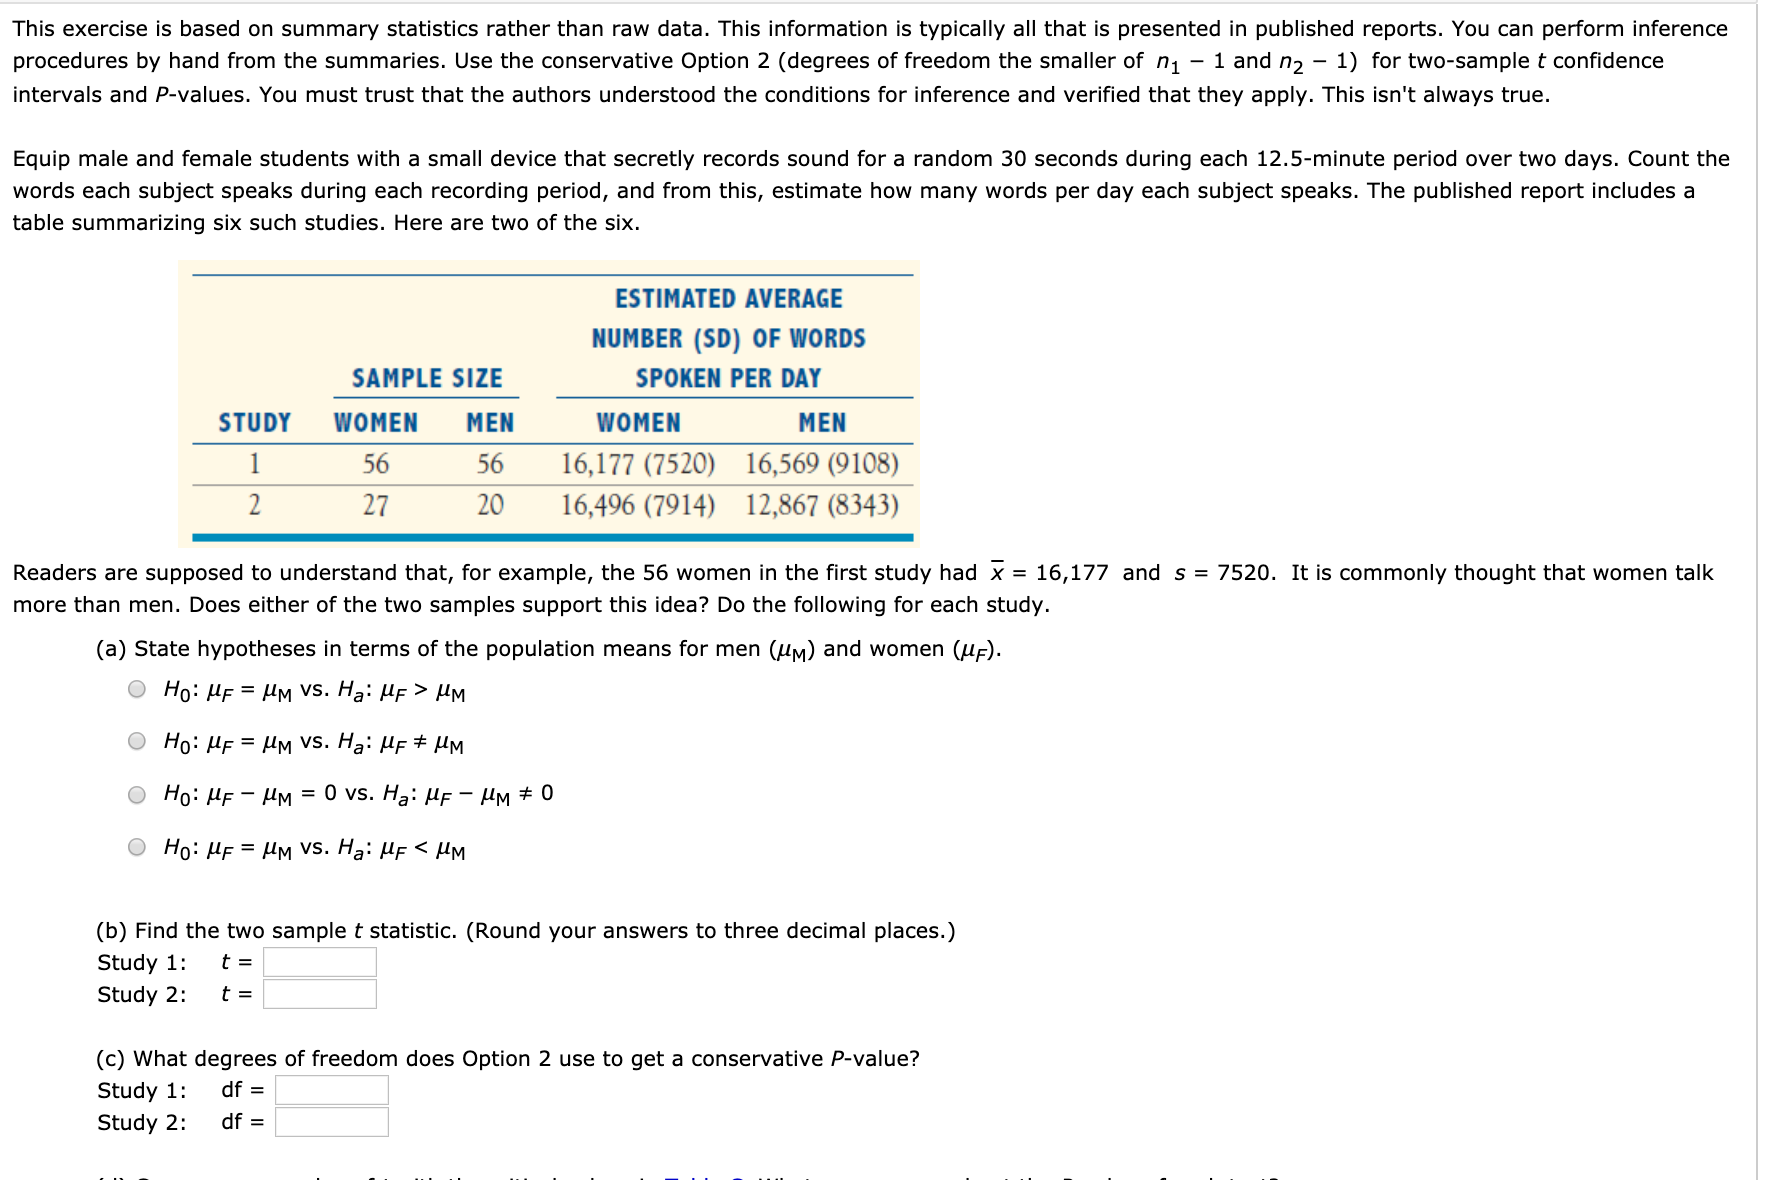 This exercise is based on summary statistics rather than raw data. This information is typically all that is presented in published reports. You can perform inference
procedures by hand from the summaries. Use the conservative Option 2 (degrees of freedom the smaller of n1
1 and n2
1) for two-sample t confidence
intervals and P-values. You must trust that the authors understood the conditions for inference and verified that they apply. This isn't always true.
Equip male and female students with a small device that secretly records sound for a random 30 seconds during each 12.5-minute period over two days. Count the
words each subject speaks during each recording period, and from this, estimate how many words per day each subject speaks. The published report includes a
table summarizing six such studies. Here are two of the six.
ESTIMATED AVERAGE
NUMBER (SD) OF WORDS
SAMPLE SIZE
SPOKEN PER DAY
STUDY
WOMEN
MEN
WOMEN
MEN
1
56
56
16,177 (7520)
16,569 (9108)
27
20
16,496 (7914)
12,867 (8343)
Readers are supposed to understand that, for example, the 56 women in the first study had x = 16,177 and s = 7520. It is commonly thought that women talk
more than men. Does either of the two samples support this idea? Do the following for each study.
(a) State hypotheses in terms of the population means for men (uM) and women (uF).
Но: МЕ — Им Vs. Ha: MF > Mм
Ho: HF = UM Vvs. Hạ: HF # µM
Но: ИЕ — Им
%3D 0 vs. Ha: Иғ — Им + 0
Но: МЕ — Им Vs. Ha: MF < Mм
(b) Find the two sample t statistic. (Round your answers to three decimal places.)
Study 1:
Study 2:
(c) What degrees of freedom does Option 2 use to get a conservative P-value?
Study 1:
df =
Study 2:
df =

******

▸ **EXERCISE OBJECTIVE**:
The lines you need are those containing "Option"; find them in the records and copy them.

▸ **THE COMPLETED TASK**:
procedures by hand from the summaries. Use the conservative Option 2 (degrees of freedom the smaller of n1
(c) What degrees of freedom does Option 2 use to get a conservative P-value?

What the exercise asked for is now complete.